# What is permitted but not mandated within the RPW?



## Confessor (Nov 2, 2008)

Is it only circumstances?
Are there degrees of permission within mandates?
Why don't we have to partake in the Lord's Supper every meeting (or do we)?
Are announcements allowed?
Is any talking besides the sermon, singing, and prayer allowed?

etc.


----------



## Confessor (Nov 2, 2008)

bvmp


----------



## Confessor (Nov 3, 2008)

For the record, this is about the RPW itself and not about EP.

I want responses...


----------



## VictorBravo (Nov 3, 2008)

packabacka said:


> For the record, this is about the RPW itself and not about EP.
> 
> I want responses...



I suspect nobody has answered because the question is very broad and general.

I suggest looking at the WCF, chapter 21, for a start.
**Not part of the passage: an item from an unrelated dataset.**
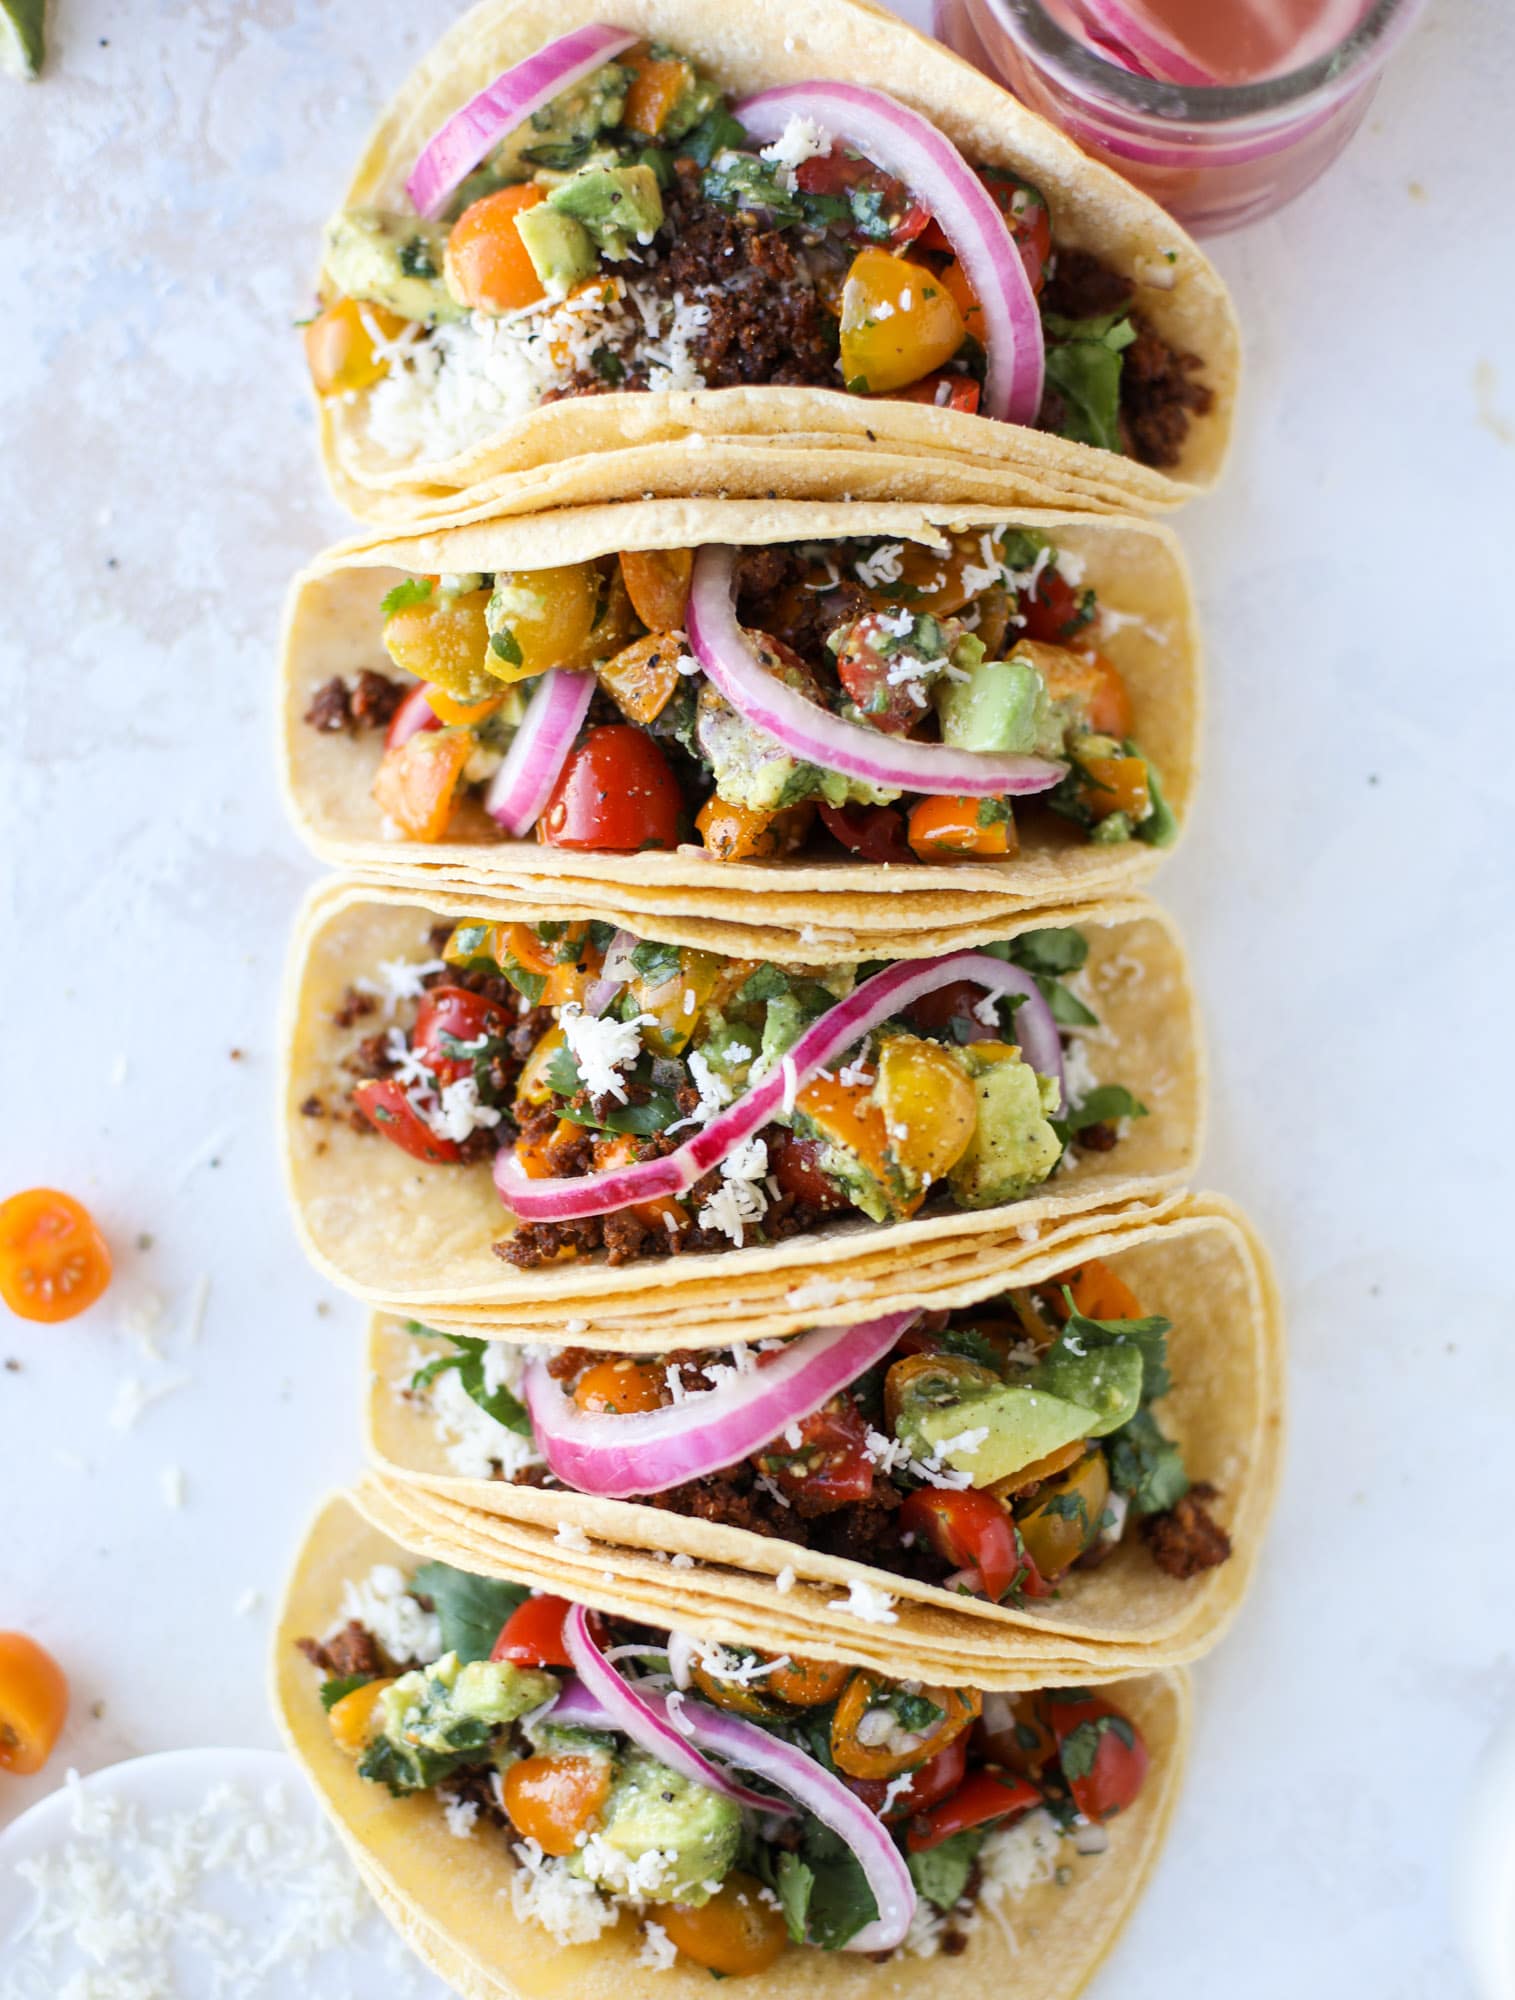 Ground Beef Tacos - Our Favorite Ground Beef Tacos

Here's a link to it and AA Hodge's commentary:

Reformed Theology Resource Center: Dedicated to the Reformed Faith


----------



## Semper Fidelis (Nov 3, 2008)

Here are the elements of worship:


> V. The* reading of the Scriptures with godly fear*; the *sound preaching*, and conscionable hearing of the Word, in obedience unto God with understanding, faith, and reverence; *singing of psalms *with grace in the heart; as, also, the due administration and worthy receiving of the *sacraments* instituted by Christ; are all parts of the ordinary religious worship of God: besides *religious oaths, and vows*, *solemn fastings*, and *thanksgivings* *upon special occasion*; which are, in their several times and seasons, to be used in an holy and religious manner.


Elements are prescribed. Note even in this section the WCF admits the discretion of the Church to set forth special occasions for certain elements that are not part of ordinary worship.

Think of circumstances as being the parts necessary in order to perform an element. The key thing is that the element needs to be included but there is some discretion as to how that element is introduced.

Obviously the people have to gather so a time and place has to be set. Songs have to be selected if there is going to be singing. Of course, talking has to occur.

The idea here is that it's not meant to be a rigid, formulaic approach but that the elements have to occur in worship and certain activities are going to be selected in a certain order so that the elements can be carried out. There's quite a bit of lattitude as long as it is done reverently and with the intent that the element is in view and something is not introduced as an end to itself. 

In Marine parlance, we speak of the mission of an organization and each part of the organization exists for mission success. Sometimes certain people think of their task as an end to itself. If an activity doesn't support the mission then it is extraneous. It's a self-licking ice cream cone.

Circumstances are arranged, in other words, to facilitate elements of worship. When a circumstance takes on a life of its own and detracts from the focus of worship then it becomes problematic. Elements are not the focus of worship but have been ordained of God because extraneous elements have the effect of distracting from the true Oject of worship, which is God.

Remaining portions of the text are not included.